Brymore Academy (formerly Brymore School) is a boys' secondary school with academy status, located in Cannington, Bridgwater, Somerset, England. It is a day and boarding school for pupils aged 11 to 17 years and had 192 boys on the roll in 2015, 115 of them boarders. It was established in 1951 by Somerset County Council at a cost of £6,000 as a Secondary Technical School of Agriculture.

The school has a farm, walled garden, greenhouses and workshops including a foundry and forge. The farm includes a dairy herd, beef animals, sows, poultry and a flock of ewes with lambs.

Brymore offers extra-curricular activities including beekeeping, canoeing and cycling. The school is expanding to take in Year 7s. The school will continue to enter boys in Year 9, provided there are sufficient places available.

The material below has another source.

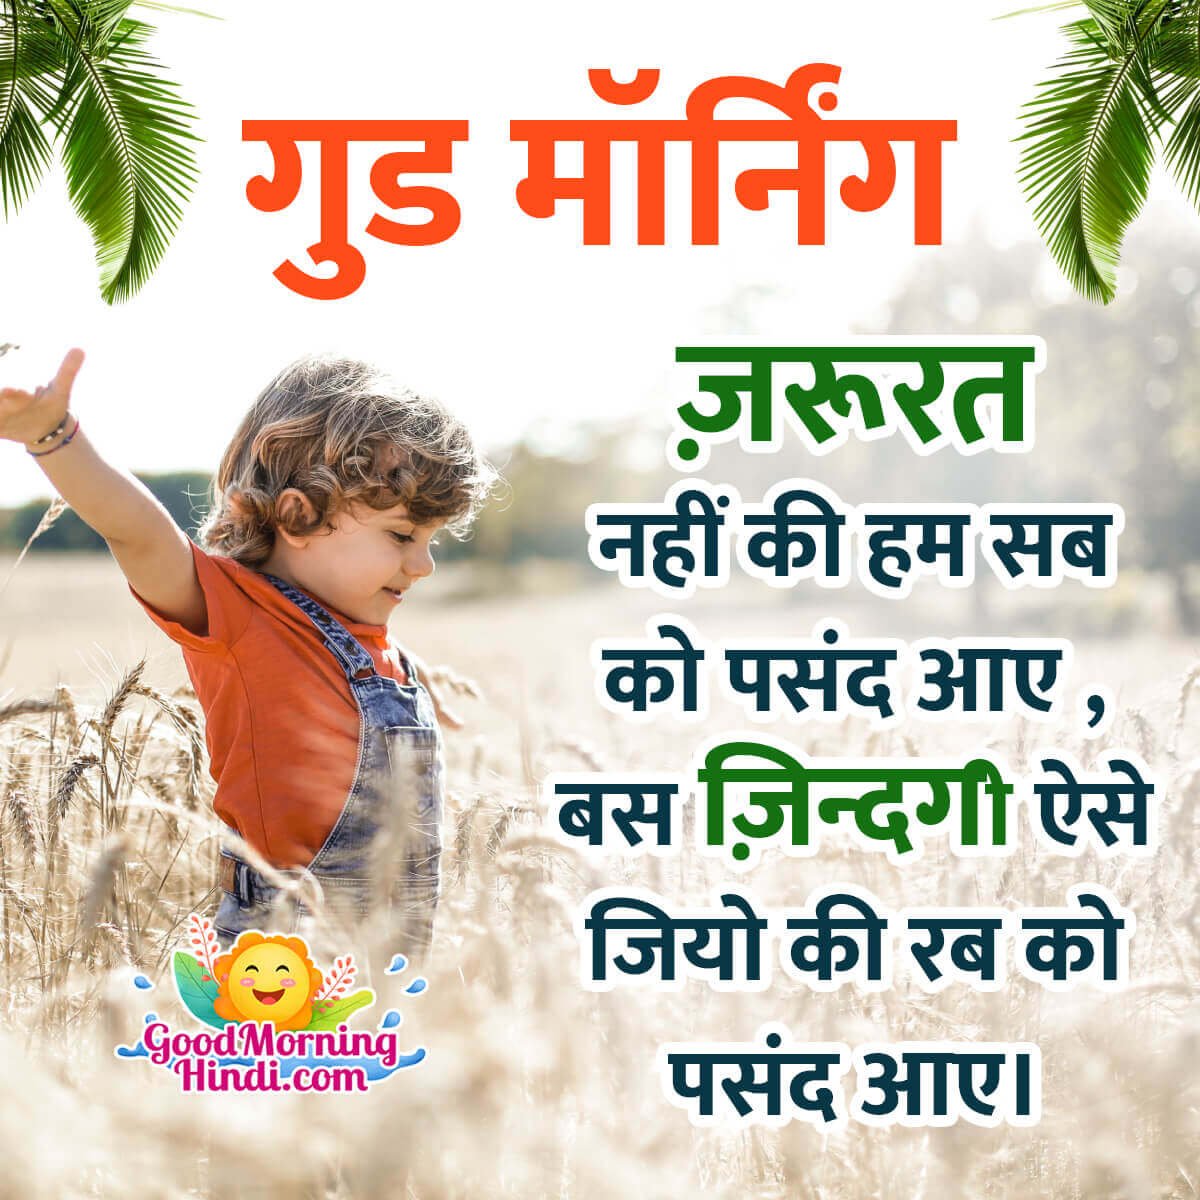 Good Morning Hindi Message Image

The main school building incorporates parts of a medieval house which was owned by John Pym who, during the English Civil War played a role in bringing about the downfall of Charles I. In World War II girls of Malvern College were evacuated to Brymore. In 1943 the 535th Automatic Weapons battalion of the United States Army was billeted in the house and grounds while they prepared for D-Day. The building is designated as a Grade II listed building. The boarding houses included the Grade I listed Cannington Court.

The buildings and grounds of Brymore Academy are used annually during the summer break for 3 "Venture" camps called Brymore 1, 2, and 3.